Expertise & Qualifications
- Identified Audit Committee Financial Expert; extensive finance, accounting, and leadership experience; prior CFO roles across government contracting and technology.
- Education: B.A. (History) – Christian Brothers College; MBA – Xavier University.
Equity Ownership
| Holder | Shares Owned | RSUs (unvested) | Total Beneficial Ownership | Percent of Shares Outstanding | Notes |
|---|---|---|---|---|---|
| Stephen L. Waechter | 41,901 | 3,047 | 44,948 | <1% | Shares held by the Stephen L. Waechter Living Trust; RSUs outstanding at 12/31/2024 |
| Pledging/Hedging | — | — | — | — | No directors have pledged V2X shares; hedging/pledging prohibited by policy |
| Ownership guideline | — | — | — | — | Directors must hold 5x annual cash retainer; as of Mar 12, 2025, all compensated directors were in compliance or within the five‑year transition period |
Governance Assessment
-
Strengths
- Audit Chair with deep CFO experience and designated audit committee financial expert—supports oversight of financial reporting, controls, and auditor independence.

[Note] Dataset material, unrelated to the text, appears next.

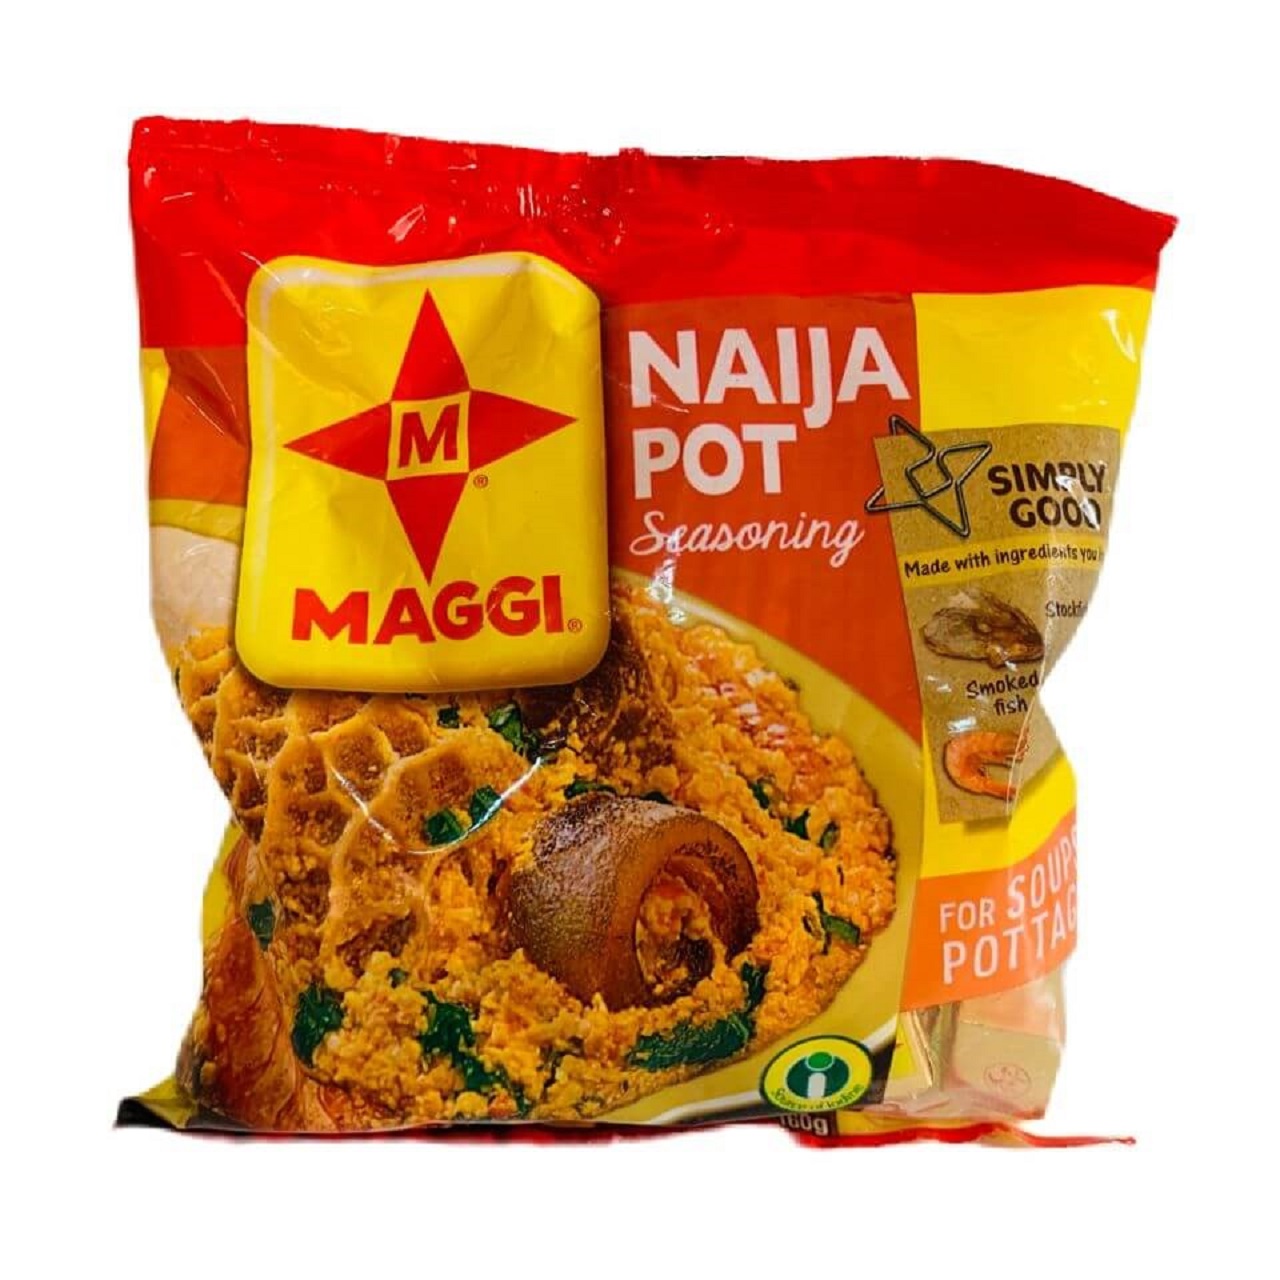 A sachet of Maggi Naija Pot seasoning cubes

- Meets audit committee independence standards; attended ≥75% of meetings in 2024; Board holds regular executive sessions, reinforcing independent oversight.
- Director pay mix leans to equity ($150k RSUs vs. $90k cash) with clear vesting and robust ownership guideline (5x retainer), aligning interests; no pledging allowed.
- Updated Related Party Transaction Policy and charitable contribution conflict policy; no 2024 charitable donations required approval—reduced conflict risk.
-
Watch items
- Classified board and Shareholders Agreement grant Vertex Holdco significant nomination and governance rights, potentially concentrating influence; continued monitoring warranted.
- Age‑limit policy (≤74 at nomination, with possible exceptions) could necessitate a Board determination for future nominations.
-
Red flags
- None disclosed regarding related‑party transactions, pledging/hedging, or compensation committee interlocks.